Since the records include pictures, leave those out while you reproduce exactly and only the lines from the one containing "إيران تعلن تسلمها" through the one containing "British Grand Prix MotoGP - Race Day", inclusive.

(Material for the task)
------------------------

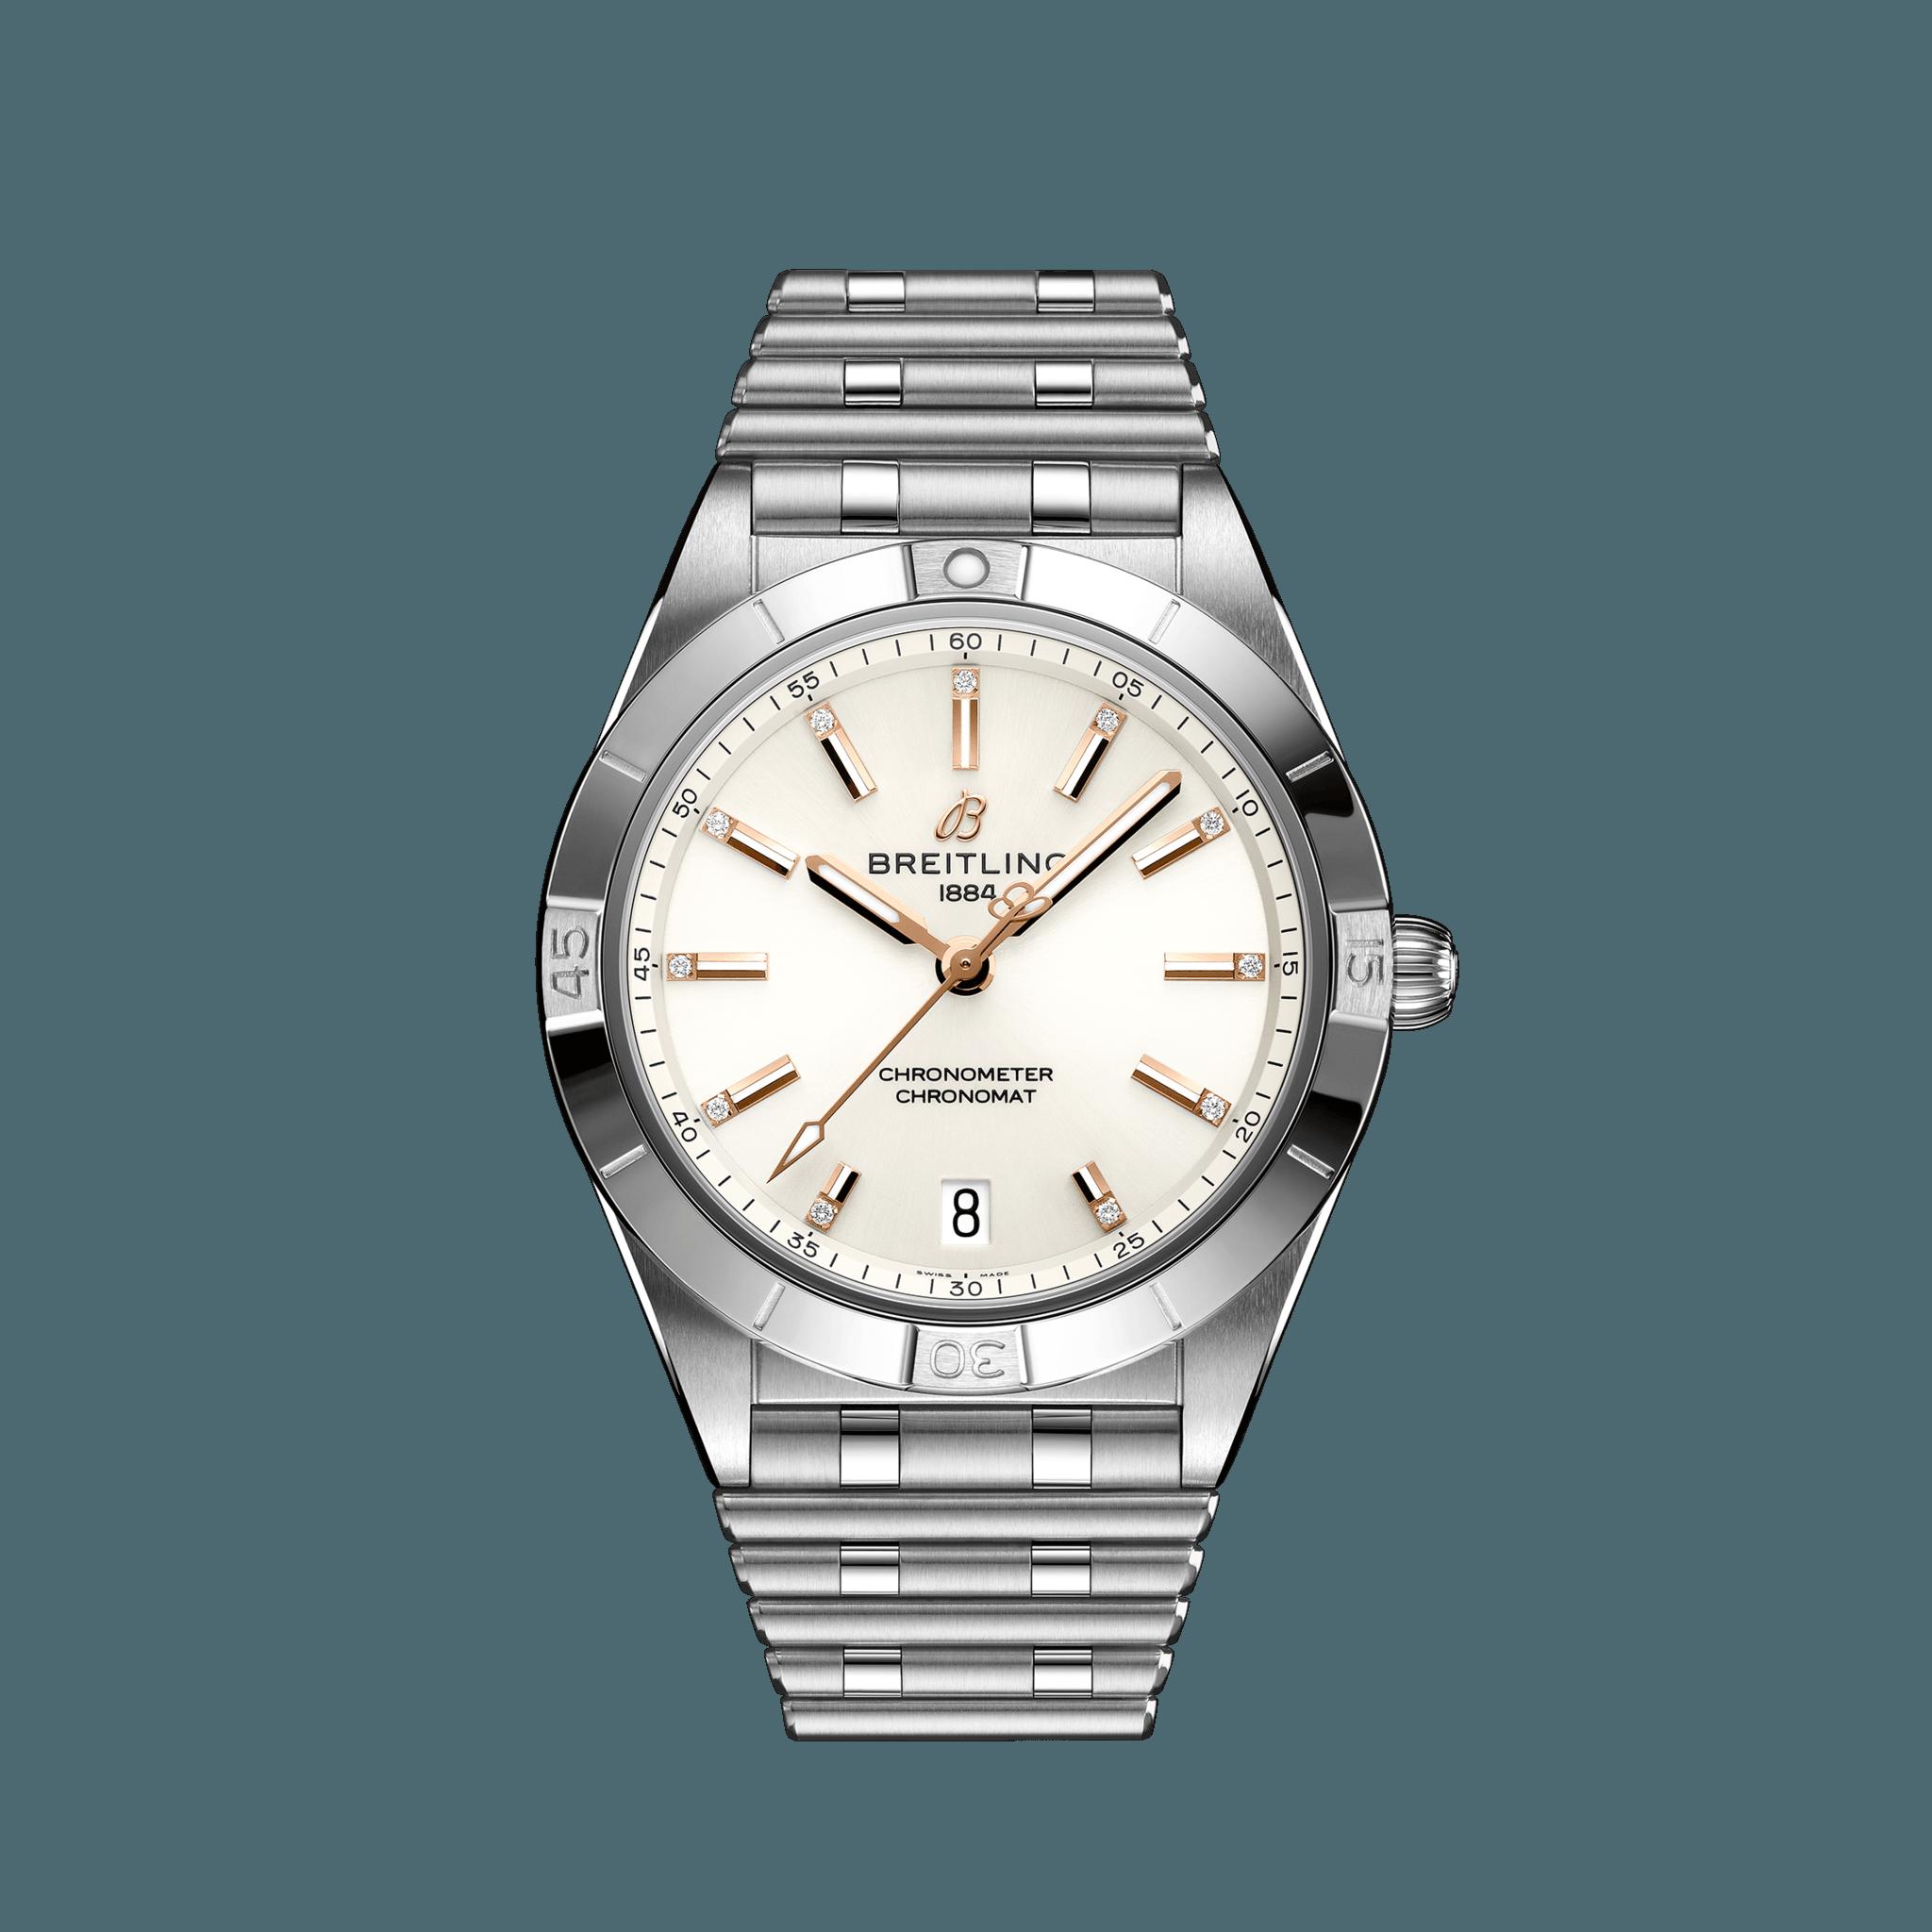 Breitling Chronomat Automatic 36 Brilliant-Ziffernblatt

------------------------

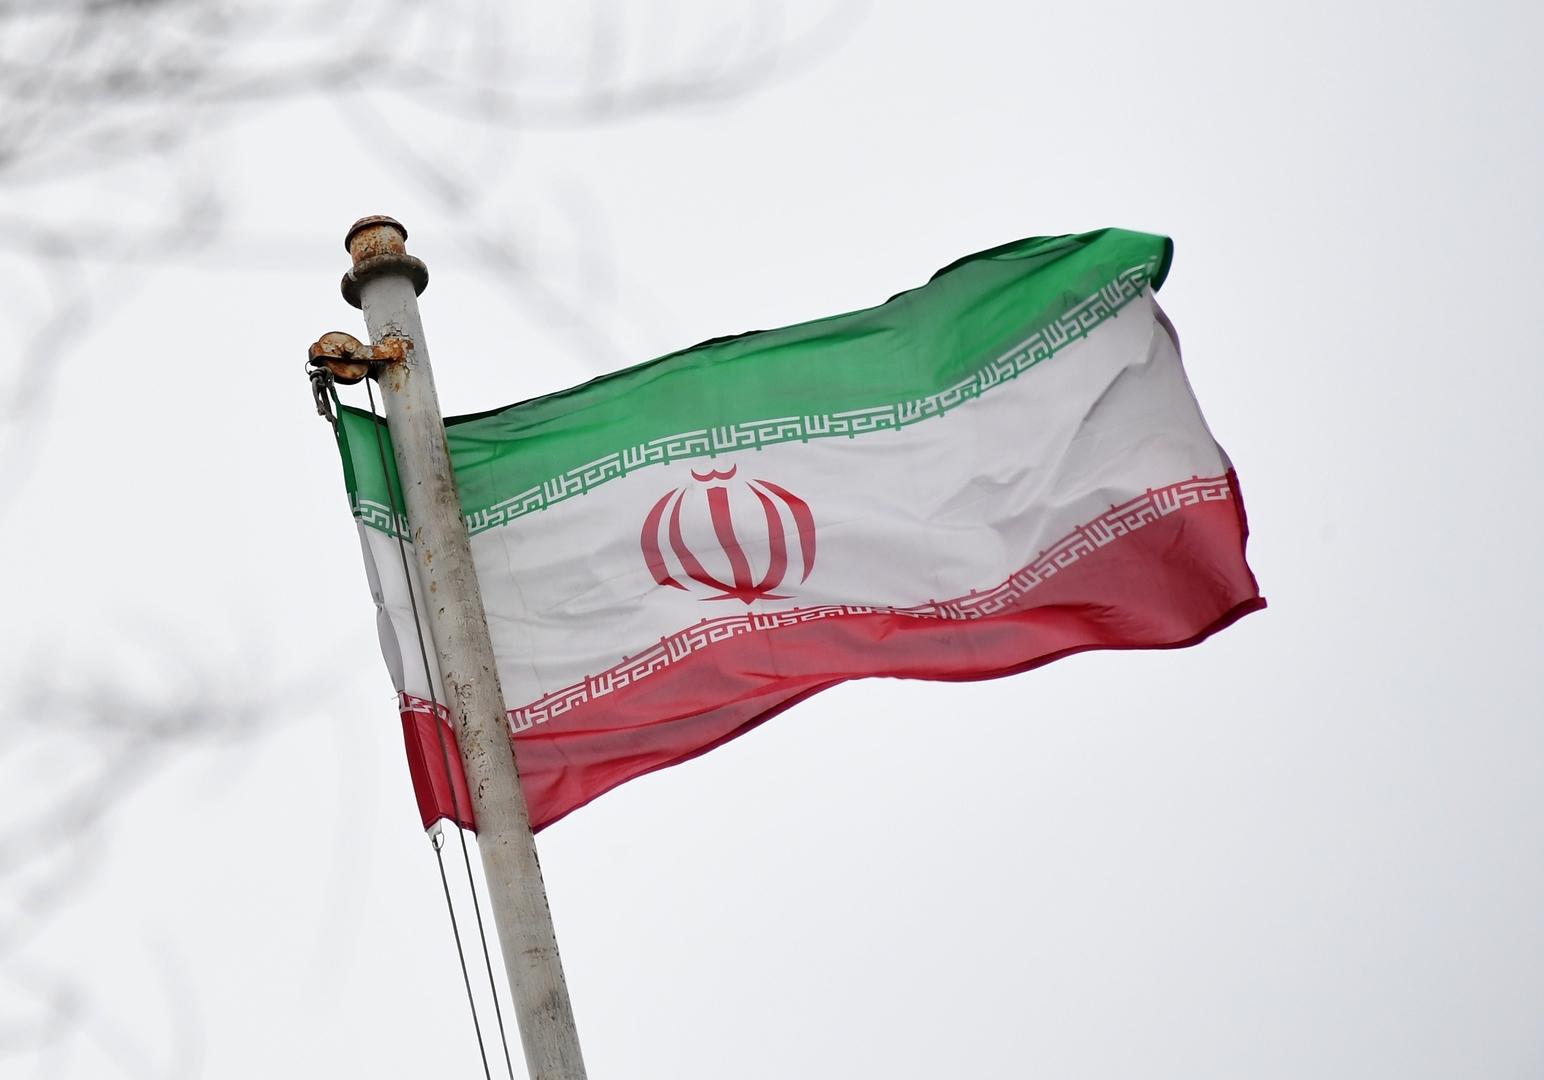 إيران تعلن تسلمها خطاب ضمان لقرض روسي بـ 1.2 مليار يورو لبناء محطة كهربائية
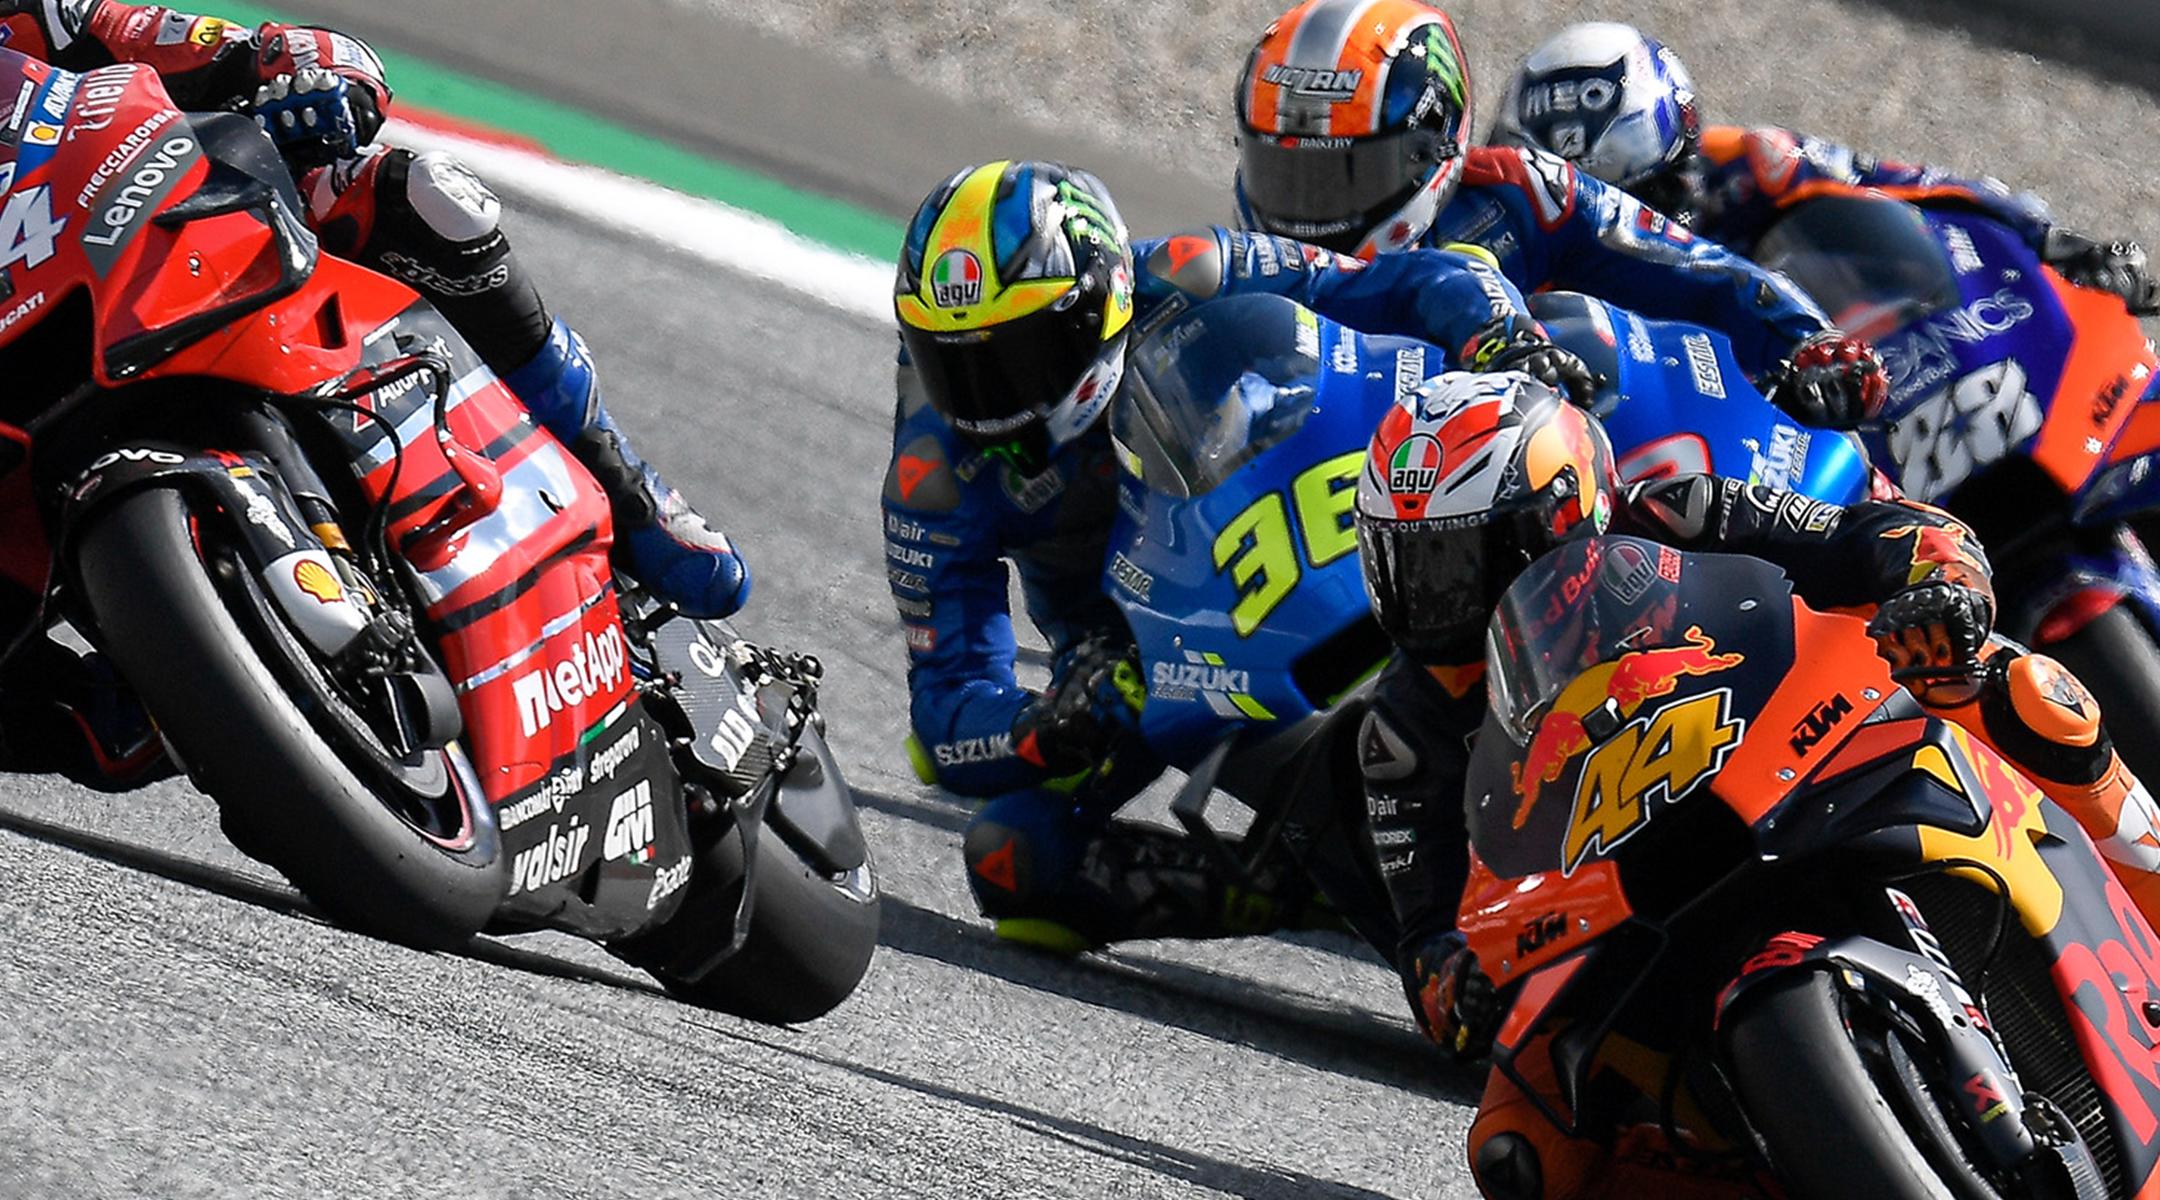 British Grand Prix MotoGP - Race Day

------------------------

(Answer below)
 إيران تعلن تسلمها خطاب ضمان لقرض روسي بـ 1.2 مليار يورو لبناء محطة كهربائية
 British Grand Prix MotoGP - Race Day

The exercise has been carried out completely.